My oldest big sister once observed that "our mother never forgave us for growing up."  True.  Another big sister answered simply to my puzzled query, "Why do unfit (translate "obese, stupid, boobs") parents keep having baby after baby? Sex can't be that strong, especially in this day and age with internet porn and contraception and other distractions.  What gives?'


"They want that cute baby stage to give them joy," she said, "They want it over and over until biology makes it impossible."   Once a little girl, 2nd or 3rd grader perhaps, approached me on the playground and shouted in  my face, "Know what I like about being a kid, teacher?"  


"What?"


"None of your business!"  And she shot off toward the play structure where she sprang onto the hanging row of metal hoops and screeched, "I'm a monkey! I'm a monkey! Hooo!  Hooo! Hooo!"
She was the blessed inhabitant of another realm, untouchable, inviolate.

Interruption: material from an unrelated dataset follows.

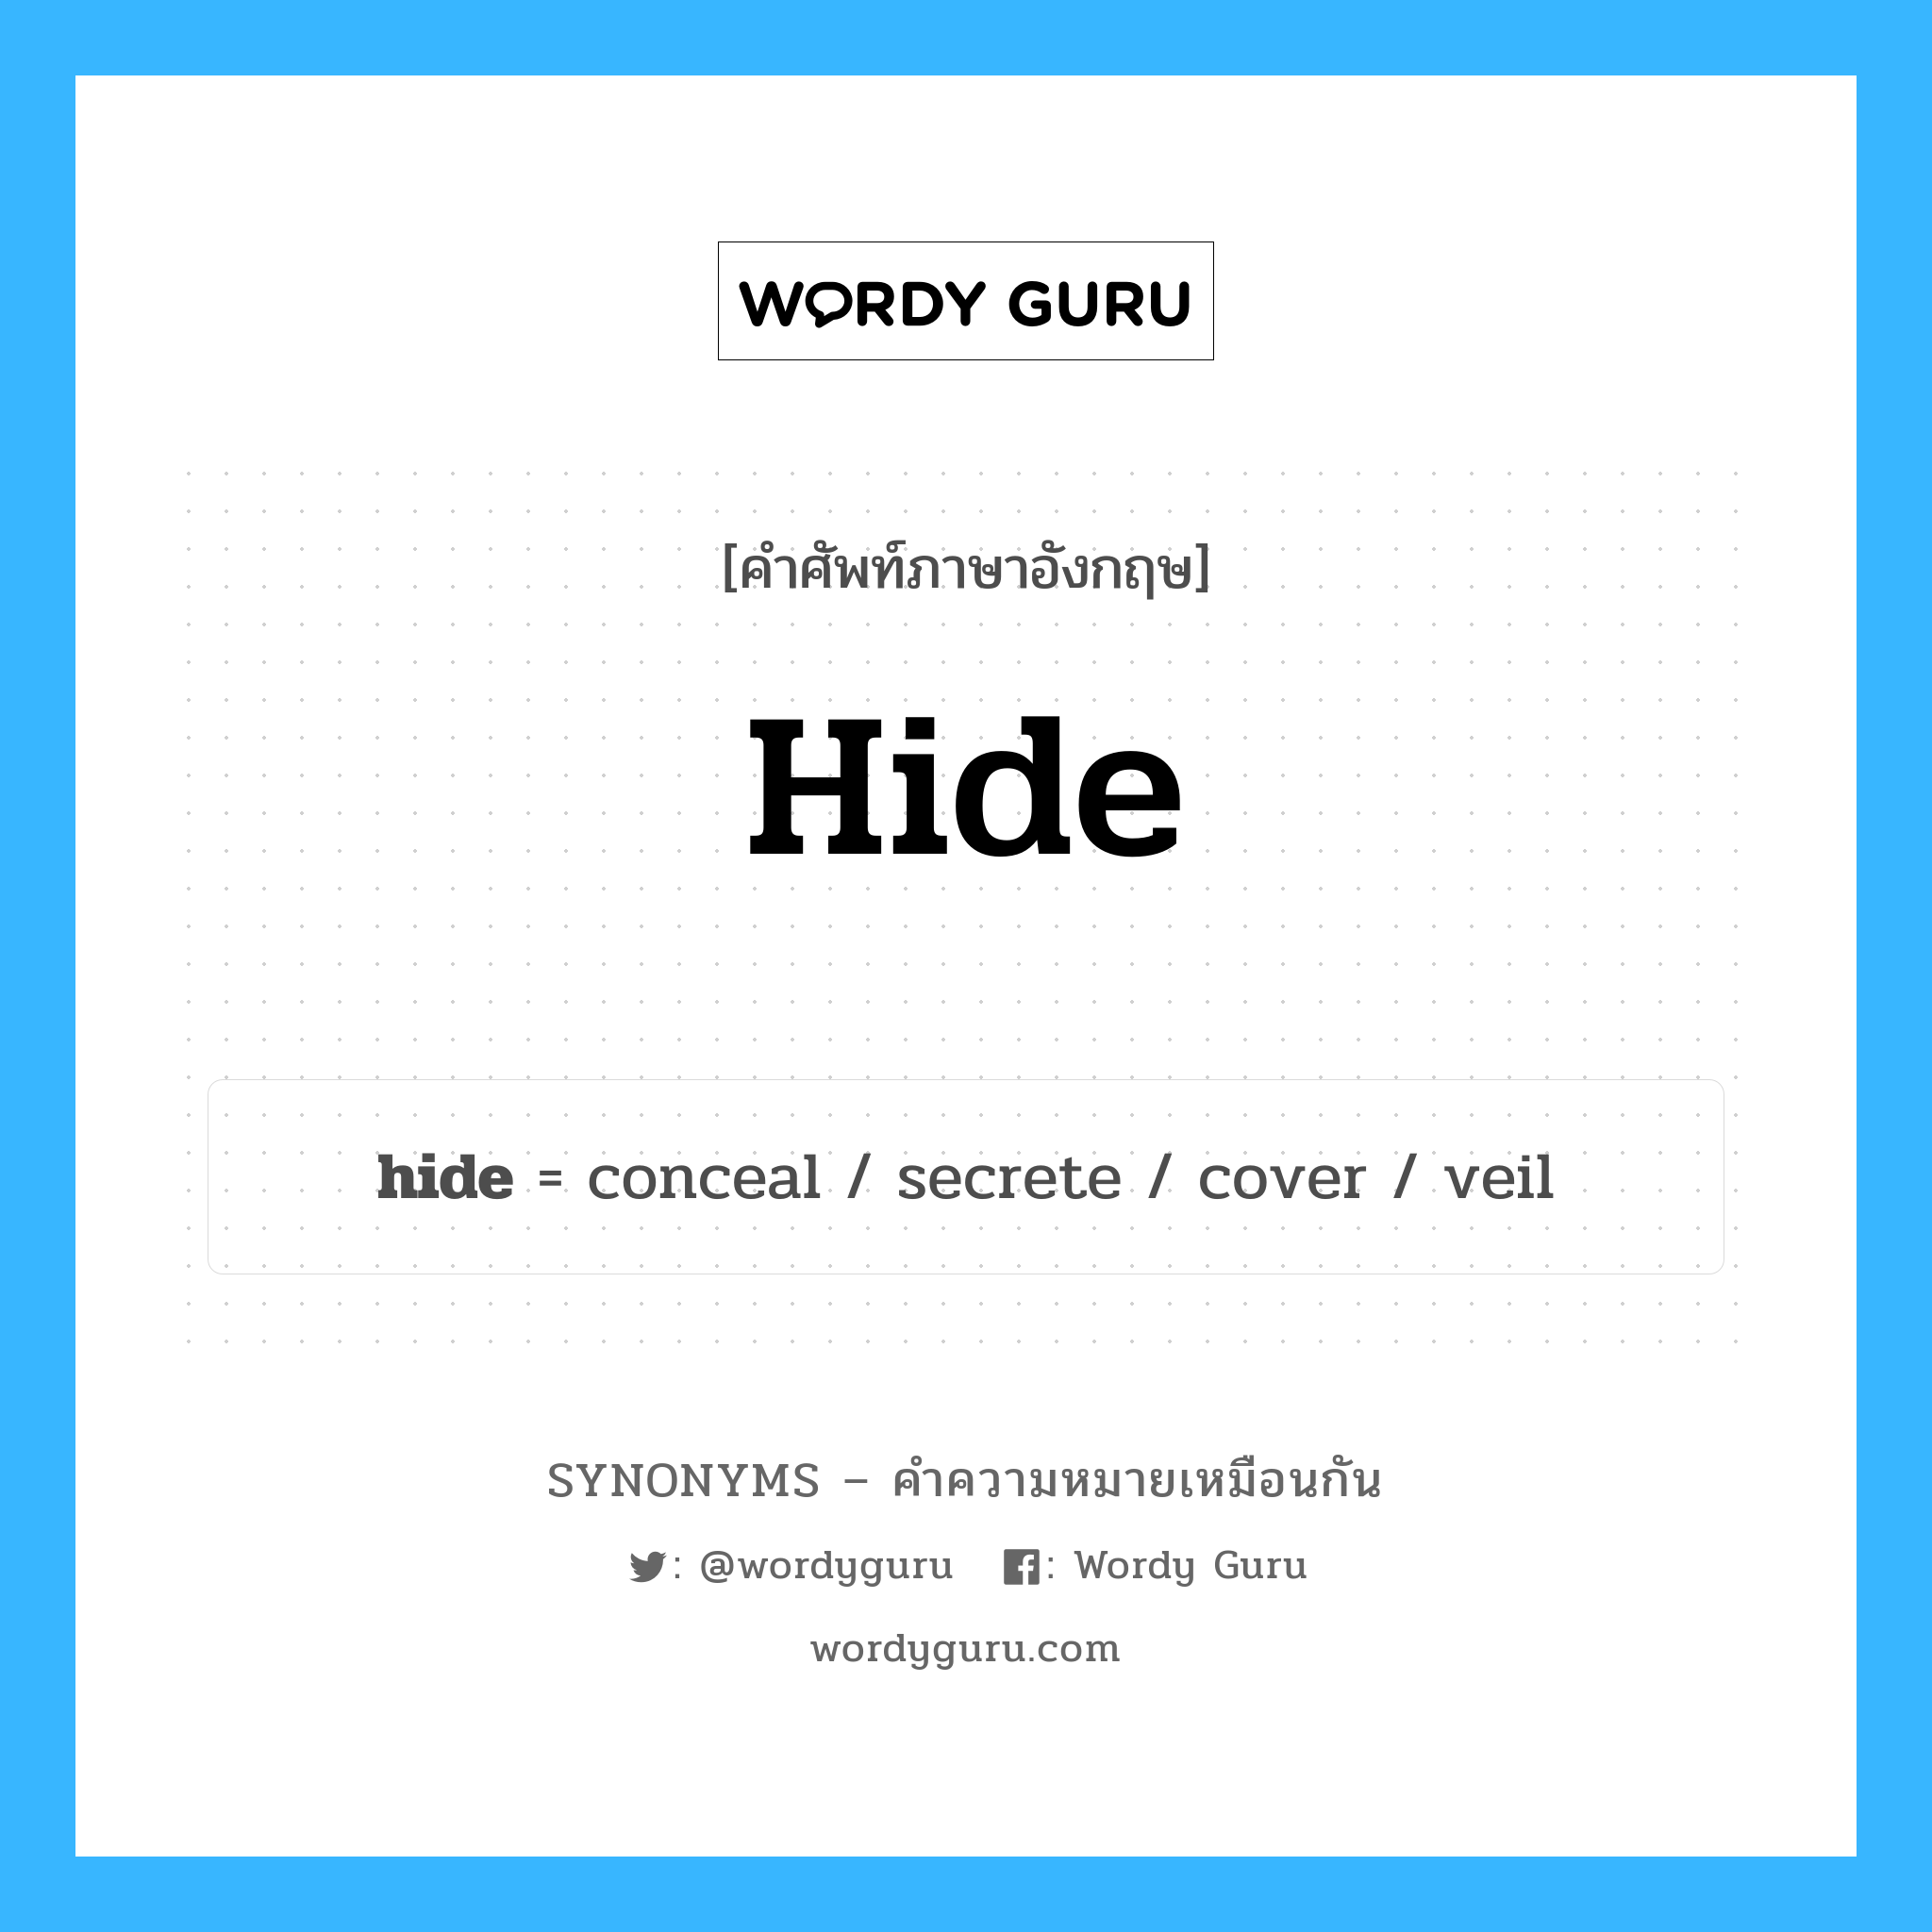 secrete เป็นหนึ่งใน hide และมีคำอื่น ๆ อีกดังนี้, คำศัพท์ภาษาอังกฤษ secrete ความหมายคล้ายกันกับ hide แปลว่า หลั่ง หมวด hide

None of which detracts from my central point.  Pick a child, any child you see today, and what you see is surely a process, its separation from the environment surely an illusory quirk of our poorly-understood central nervous peceptual systems, but the creature is still  there, doing its funky child thing right there and nowhere else for your viewing delectation, just like Mickey and Donald (ever take a look at how long, how adult Donald's beak was in early cartoons?) are there forever, in a magic kingdom immune to biology.